Factors not shown to increase the risk for latex sensitization in health-care workers included duration of exposure to latex gloves either by age or by years of work as an anesthesiologist. This reinforces the idea that extended or massive exposure in and of itself may be neither necessary nor sufficient to cause sensitization if the person is not genetically predisposed to allergic disease. Furthermore, we identified persons still in residency training with limited exposure to latex who had become sensitized. Heese et al. also reported sensitization to latex during residency training in dental students. In contrast to our results, they found an increasing prevalence of latex sensitization in dental students with increasing time in residency. Contrary to previous reports, [10,25]we found neither sex nor racial differences in the prevalence of latex sensitization among white persons compared with African-Americans, Asian-Americans, or Hispanic-Americans. The greater prevalence of latex sensitization among men compared with women and among white persons shown by Lebenbom-Mansour et al. may have resulted from selections bias because they studied volunteers from an ambulatory surgery patient population on the day of surgery. Grzybowski et al. reported racial but not sex differences for latex sensitization among nurses.
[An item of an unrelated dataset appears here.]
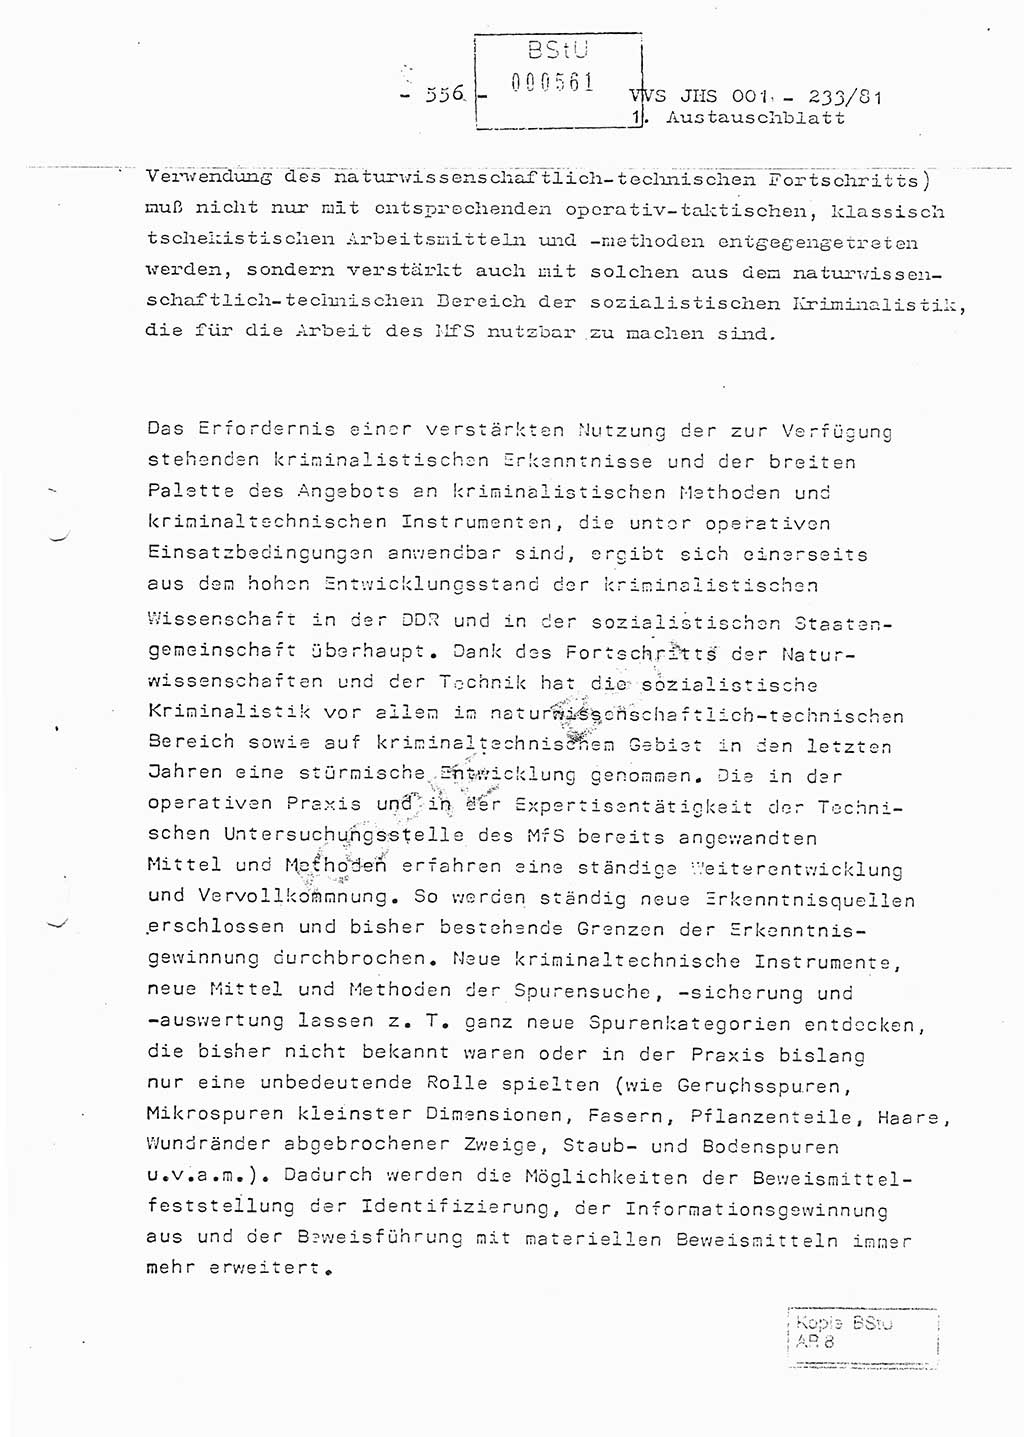 Dissertation Oberstleutnant Horst Zank (JHS), Oberstleutnant Dr. Karl-Heinz Knoblauch (JHS), Oberstleutnant Gustav-Adolf Kowalewski (HA Ⅸ), Oberstleutnant Wolfgang Plötner (HA Ⅸ), Ministerium für Staatssicherheit (MfS) [Deutsche Demokratische Republik (DDR)], Juristische Hochschule (JHS), Vertrauliche Verschlußsache (VVS) o001-233/81, Potsdam 1981, Blatt 556 (Diss. MfS DDR JHS VVS o001-233/81 1981, Bl. 556)

The voluntary nature and incomplete ascertainment of that study may also have led to selection bias that could account for their findings.
In conclusions, we studied a cohort of high-risk health-care workers for latex allergy. We used four independent tests to maximize the accuracy of diagnosis: a clinical history questionnaire, a characterized reproducible nonammoniated latex reagent to perform puncture skin testing, a Food and Drug Administration-approved serologic assay to quantify latex-specific IgE antibody in serum, and, when required for clarification, a validated two-stage latex glove provocation procedure. Using these methods, we determined that the prevalence of latex sensitization within this cohort of anesthesiologists in 12.5%, with overt symptoms appearing in 2.4%. Significant risk factors for latex sensitization included a history of atopy; history of allergy to bananas, avocados, or kiwis; and skin symptoms with the use of powdered latex gloves. These data support the need to transform the health-care environment into a latex-safe one that minimizes latex exposure to patients and hospital staff.